Quiz M6.02 - Question 4

qdpham · 27 February 2022 20:11

Hi,

I think that the previous tabs in this section could be clearer about the point addressed in this question.

So, we have seen that basically the boosting strategy is to improve the model predictive flexibility by combining sequentially a number of simple or weak predictors. I get that, and at some point, by extrapolating, we may intuitively think that we will end up being too flexible.

However, in the notebooks, it was not so explicit, and even quite confusing in the exercise M6.03, where one goal was to verify whether a GBDT will overfit. The GBDT curves could show an overfitting but not clear (depends on the tree complexity). Anyway, the comments said “Both gradient boosting and random forest models will always improve when increasing the number of trees in the ensemble.”
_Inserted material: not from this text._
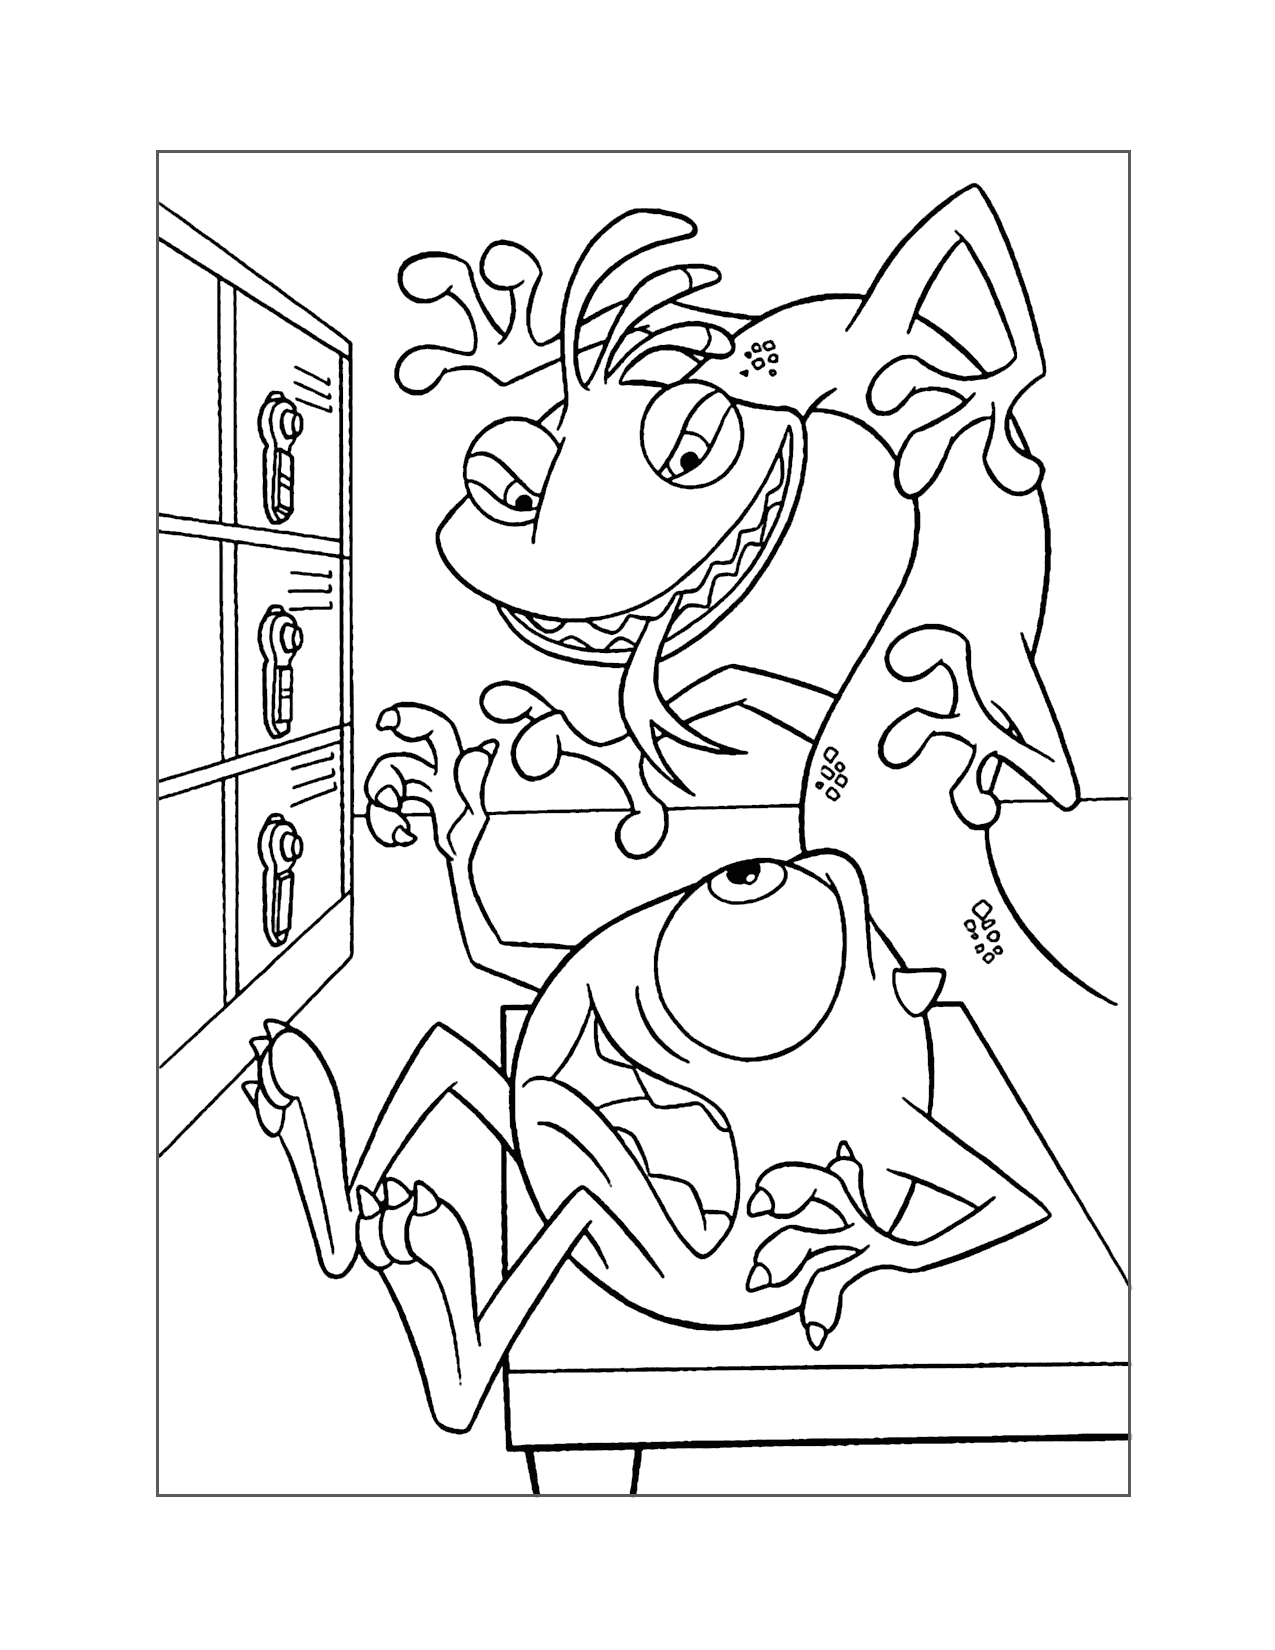 Randall Chases Mike Monsters Inc Coloring Page

I would say that the lectures/notebooks are not mathematically rigorous enough (I fully understand that is a pedagogical choice) for us to be able to confidently answer such question.

Out of curiosity, I would be happy to have a look at the math for the given answer. Could you provide some references?

glemaitre58 · 28 February 2022 14:51

Yep this is not correct. I know that we added a specific case for GBDT in the wrap-up quiz to show the behaviour (a pity that the wrap-up quiz comes afterwards )

I would say Section 10.11 of ESL.
The intuition behind the overfitting comes from the fact that an additional tree in a boosting algorithm tries to correct the error of the previous trees. So at some point, one adds new trees that try to predict the residuals and reduce an error that is only the remaining noise. Thus, on the training set, one expect to always improve the score (or get a 0-error) while the testing error will remain constant (or potentially degrade slightly).

qdpham · 28 February 2022 15:14

I have this book. Not having time to really go into it yet.

Now, regarding overfitting, just trying out several complexities for the tree:

It seems that we will not overfit with a very simple tree, e.g. max_depth=1.
If we use a tree with a high complexity, so overfitting from the beginning, boosting will surely not help.

Anyway, why would we use strong learners with boosting in the first place? We should always only use weak learners, and boost the learning sequentially. If so, from the examples that we have in this section, we don’t see overfitting.